Kompresi medulla oblongata dan henti pernapasan terjadi dengan cepat.

Perubahan fisiologis lain yang terjadi akibat peningkatan intrakranial yang

cepat adalah bradikardi progresif, hipertensi sistemik, dan gangguan

pernafasan (Muttaqin, 2011).


5. Manifestasi klinis

a. Gejala Umum

Gejala meningioma dapat bersifat umum disebabkan oleh

tekanan tumor pada otak dan medulla spinalis, atau bisa bersifat khusus

disebabkan oleh terganggunya fungsi normal dari bagian khusus dari

otak atau tekanan pada nervus atau pembuluh darah. Secara umum,

meningioma tidak bisa didioagnosa pada gejala awal. Gejala umumnya,

seperti:

1). Sakit kepal, dapat berat atau bertambah buruk saat beraktifitas atau

pada pagi hari.

2). Perubahan mental

3). Kejang

4). Mual muntah

5). Perubahan visus, misalnya pandangan kabur.

6). Asimtomatis (terutama meningioma di daerah midline, tumbuh

lambat dan tumor dengan ukuran kecil, diameter, < 3 cm).

7). Gejala dan tanda akibat peningkatan tekanan intrakranial: nyeri

kepala, mual muntah, kejang, penurunan visus sampai kebutaan.

Keluhan bersifat intermiten dan progresif.

8). Gejala dan tanda akibat kompresi atau destruksi struktur otak,

berupa defisit neurologis: kelemahan ekstremitas, kelumpuhan saraf

cranial, penurunan penglihatan, gangguan afektif dan perubahan


perilaku serta penurunan kesadaran (bradipsiki, depresi, letargi,

apatis, somnolen, koma) dan kejang. Gejala menyerupai “TIA” atau

stroke.

b. Gejala Khusus

Gejala dapat pula spesifikasi terhadap lokasi tumor:

1). Meningioma falx dan parasagital : nyeri tungkai.

2). Meningioma convexitas: kejang, sakit kepala, defisit neurologis

fokal, perubahan status mental.

3). Meningioma sphenoid : kurangnya sensibilitas wajah, gangguan

lapang padang, kebutaan, dan penglihatan ganda.

4). Meningioma olfactorius: kurangnya kepekaan penciuman, masalah

visus.

5). Meningioma fossa posterior : nyeri tajam pada wajah, mati rasa, dan

spasme otot-otot wajah, berkurangnya pendengaran, gangguan

menelan, gangguan gaya berjalan.

6). Meningioma suprasellar : pembengkakan diskus optikus, masalah

virus.

7). Spinal Meningioma: nyeri punggung, nyeri dada dan lengan.

8).

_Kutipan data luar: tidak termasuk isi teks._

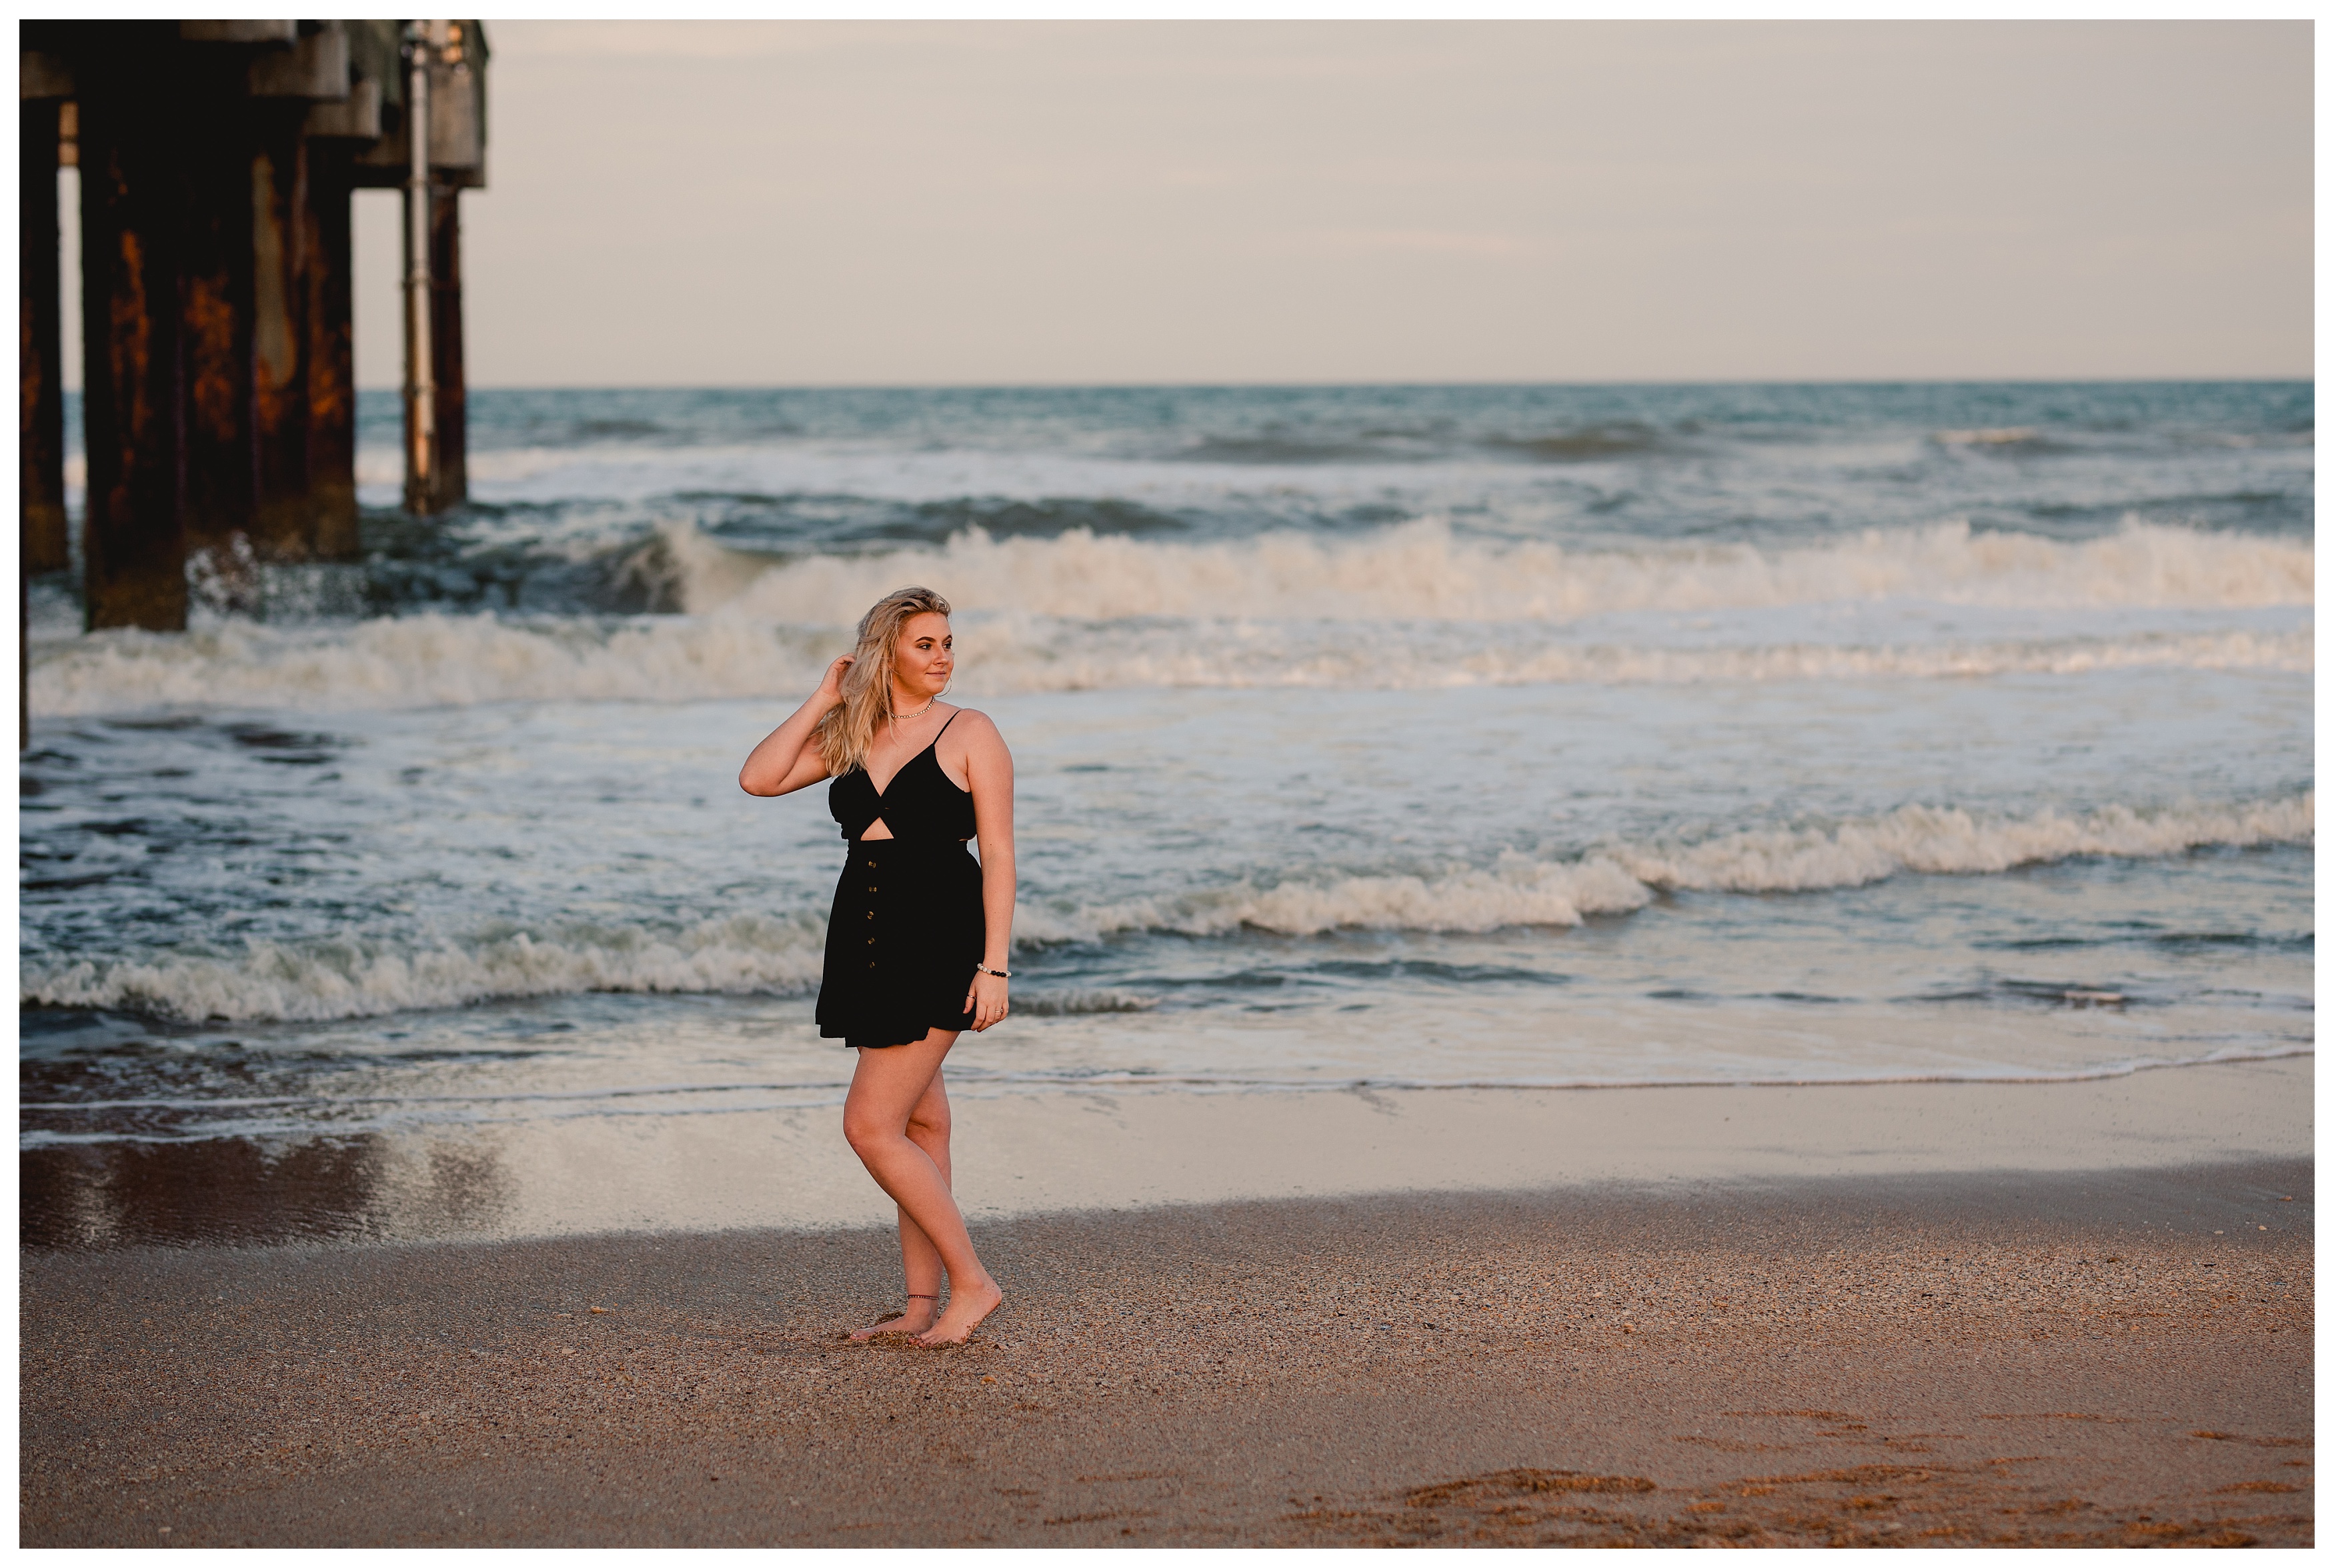 Beach senior photography session in St. Augustine, Florida. Shelly Williams Photography

Meningioma intraorbital : penurunan visus, penonjolan bola mata.

9). Meningima intraventrikluer : perubahan mental, sakit kepala, pusing.

6. Komplikasi
Komplikasi operas termasuk kerusakan jaringan otak di sekitarnya yang

normal, perdarahan, dan infeksi. Tumor akan dapat datang kembali. Resiko

ini tergantung pada seberapa banyak tumor yang telah dioperasi dan apakah

itu jinak, atipikal, atau ganas. Jika tumor tidak dihilangkan sepenuhnya

dengan operasi, terapi radiasi sering direkomendasikan setelah operasi untuk

mengurangi resiko itu datang kembali (Park, 2012).

7. Pemeriksaan Penunjang

Menurut Arif Muttaqin, 2008 pemeriksaan penunjang pada pasien tumor

intrakranial adalah:

1. CT scan : CT scan dengan dan tanpa kontras digunakan untuk skrening

awal, CT scan lebih baik dalam menggambarkan jenis meningioma

seperti distruksi tulang pada tipe atypical atau malignant dan hyperostasis

pada tipe meningioma jinak.

2. MRI memberikan gambaran multiplanar dengan berbagai sekuen, resolusi

jaringan yang tinggi. Dibutuhkan pada kasus meningioma yang kompleks.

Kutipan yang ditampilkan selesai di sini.